LIQUIDS

Author: PENNA TOSSO FLORENCIA.
Year: 2005.
University: AUTÓNOMA DE MADRID [www.uam.es].
Place of defense: FISICA TEORICA DE LA MATERIA CONDENSADA.
Place of preparation: FISICA TEORICA DE LA MATERIA CONDENSADA.

Summary: In recent years there has been an increasing both experimental and theoretical development of what have been called "lab on a chip" devices for the control of liquids in the range of pico-litros seeking to replicate the processes at the molecular level that occur the laboratories of physics, chemistry or biology. The effective design of these devices requires a theory for the dynamics at the molecular level. The Dynamic Density Functional (FDA) is a technique that enables the study at the molecular level of dynamic systems relajativos (those in which the hydrodynamic modes are not relevant), using the only assumption that we can approximate the dynamic correlations by those that exist in an equivalent system (with the same density profile) in balance. Work performed in the Doctoral thesis can be divided into two camps: a) design based devices micro-fluidos by applying theory FDA: 1) micro-bomba particles in narrow channels (set in 1D). 2) system polymers subjected to potential time-dependent external System (2D and 3D). B) Improved theory FDA for the simplest case of system 1D of hard particles. For the selected systems (hard particles in 1D and soft 2D and 3D) from the comparison of results for steady state simulation and by the FDA theory we can say that the FDA theory is a very useful tool for the design of devices based in micro-fluidos.

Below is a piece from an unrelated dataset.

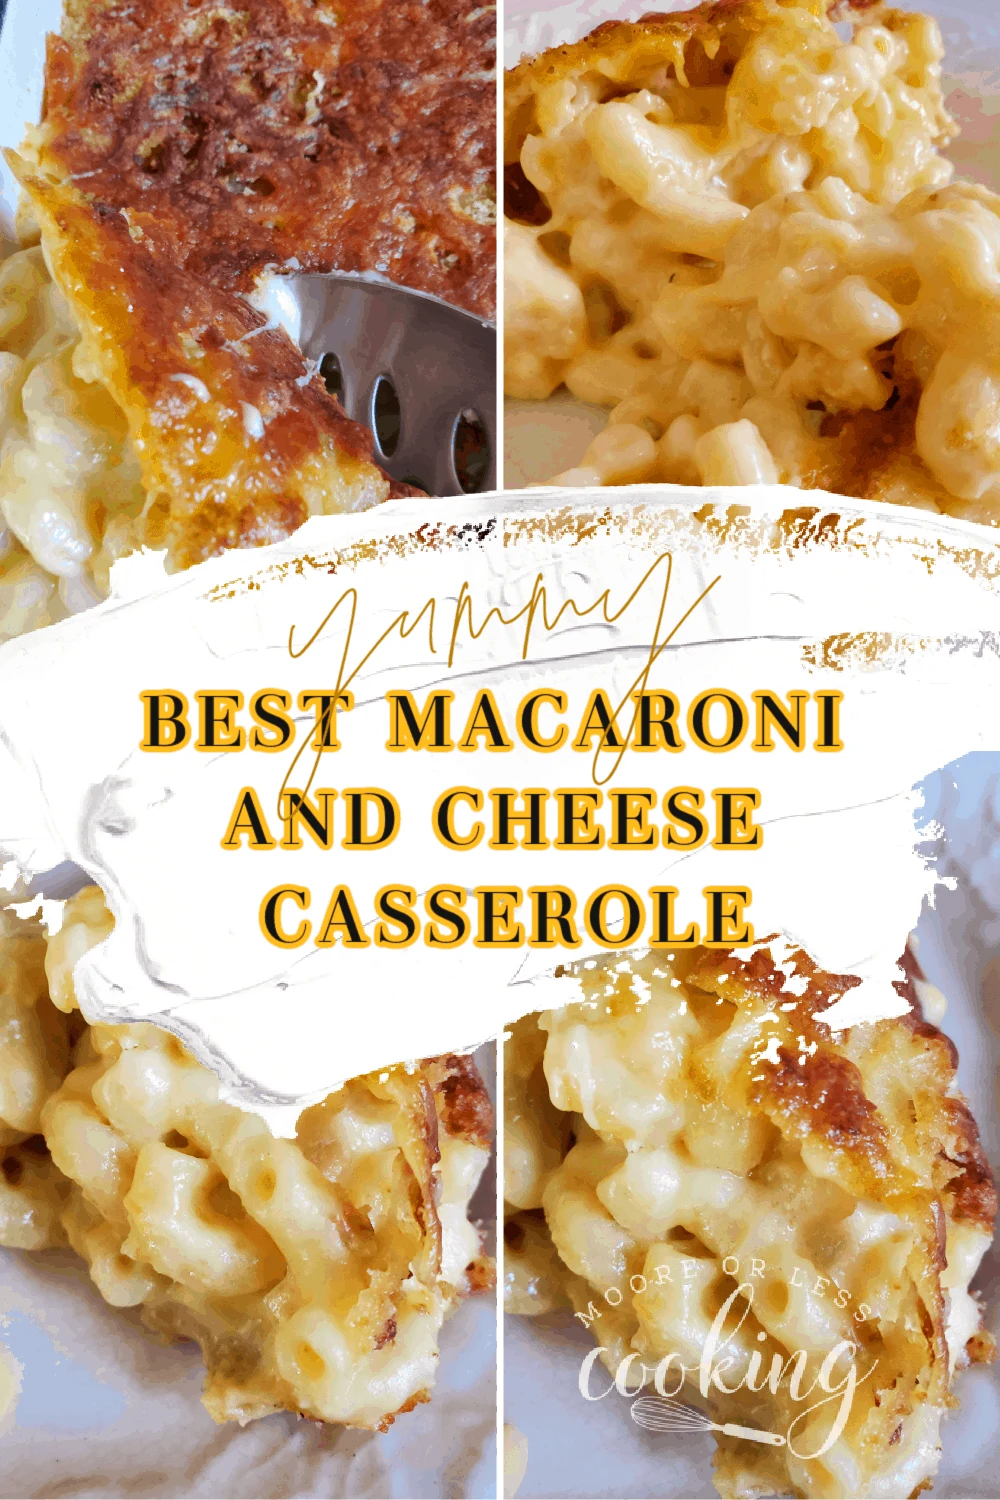 Enjoy a cheesy, delectable recipe that you can serve as a side dish or main entree for the family. The Best Macaroni and Cheese Casserole contains assorted cheeses, breadcrumbs, and additional ingredients to create the perfect creamy texture with a bubbly, crisp topping. It is a family favorite that everyone can enjoy. via @Mooreorlesscook

However, there are cases where the FDA theory fails, predicting a temporal evolution very different from that obtained in simulation. For those cases we designed (limited to systems in 1D of hard particles) and tested a new theory can reproduce the decay temporary obtained through simulation of a relationship that we call feature, which endures in the time course and that seems to determine the the system dynamics.